How budgeting helped identify farm’s scope for dairy

Long-term budgeting at Hilley Farm in Shropshire has resulted in a more resilient, more profitable business that is better able to support three families.

Only by understanding long-term business projections did the Jones family have the confidence in 2022 to switch from a suckler herd – which was in the top 25% for gross margin nationally – to a 390-cow, spring block-calving dairy herd.

The move has increased gross margin by between £988/ha and £1,977/ha.

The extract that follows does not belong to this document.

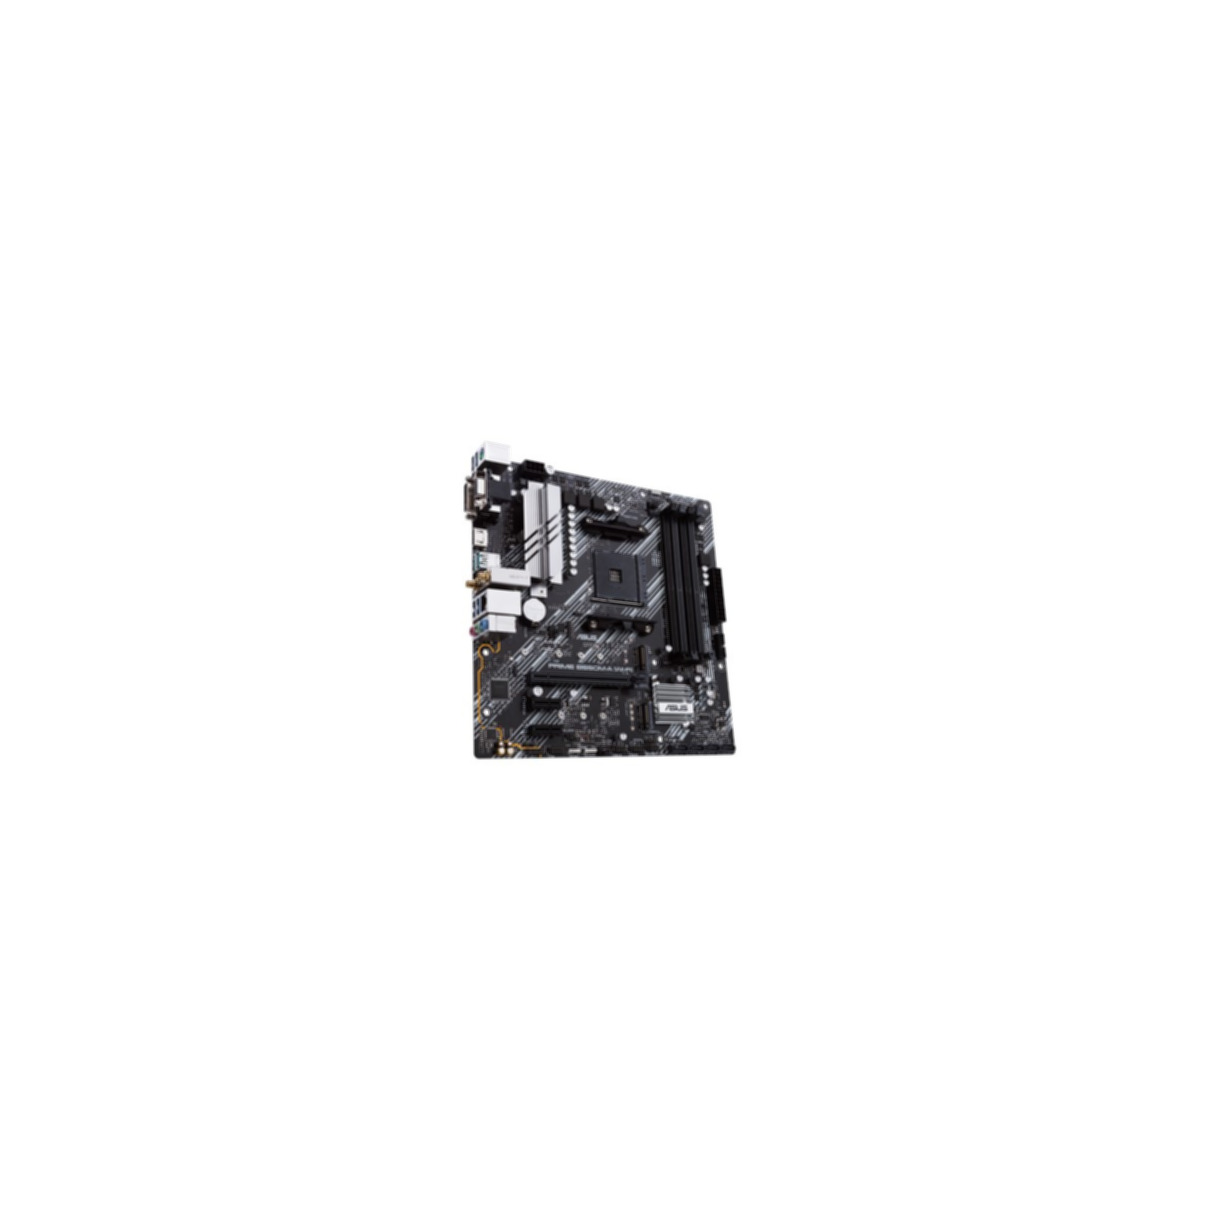 ASUS PRIME B550M-A (WI-FI) Mainboards schwarz;silber

See also: How brothers secured future with second autumn-block herd

Budgeting has always been at the heart of business decisions for the family, allowing them to track performance, make improvements and, ultimately, safeguard their business on their tenanted farm.

Couple leaning on a gate

Henry and Annie Jones © Richard Stanton

“We want to be the best we can and do it to the best of our ability,” says Annie Jones, who farms with her husband, Henry, father-in-law, Barry, and Henry’s uncle, Peter. “Budgeting is crucial. You can’t run a medium-to-large farm business without knowing your figures.”

Farm Facts: Hilley Farm, Shrewsbury

  • 182ha grazing platform, plus 61ha of silage ground and 20ha of arable, all rented
  • 390 Jersey cross Friesian cows
  • Calving from 20 February in 12-week block
  • Averaging 5,200 litres a cow a year at 4.8% fat and 3.5% protein
  • Calve inside on loose yards, before going out to grass
  • Rotational paddocks grazed on 12-hour breaks
  • Buffer-fed grass silage at the shoulders of the year
  • Supplying Mona Dairies on a cheese contract
  • Dairy beef calves sold at 2-3 weeks old

In 2019, a number of factors made the family question the viability of the mixed farming business.

The ending of the Basic Payment Scheme was in sight, a 20,000-bird pullet-rearing arrangement was wound up, and the family lost their rented arable land.

This left them with a 150-cow Limousin-cross suckler herd and the need to maximise the potential of the 182ha (450 acres) of grazing land around the farm.

Dairy cows in a field with a bare tree

© Richard Stanton

Expert advice

Their consultant, Sarah Lea of P&L AgriConsulting, undertook a five-year total farm budget to assess the impact of changes to farm profitability (see “Budgeting tools used at Hilley Farm”).

There was limited scope to improve margins in the beef herd as they were already top performers.

The only way to do this was to increase numbers to such an extent it was no longer feasible.

Enterprise budgeting was then carried out to determine potential gross margins on different systems.

A spring block-calving dairy was the clear winner. Based on national figures for the top 25% performing herds in 2020, the predicted improved gross margin, before forage costs and overheads, was £1,302/ha more than beef.

“It made sense on the land we have here, as it’s heavy ground and it grows grass well,” Annie explains.

And with the farm located on the River Severn, with 81ha prone to flooding, grazing with livestock was the only viable option.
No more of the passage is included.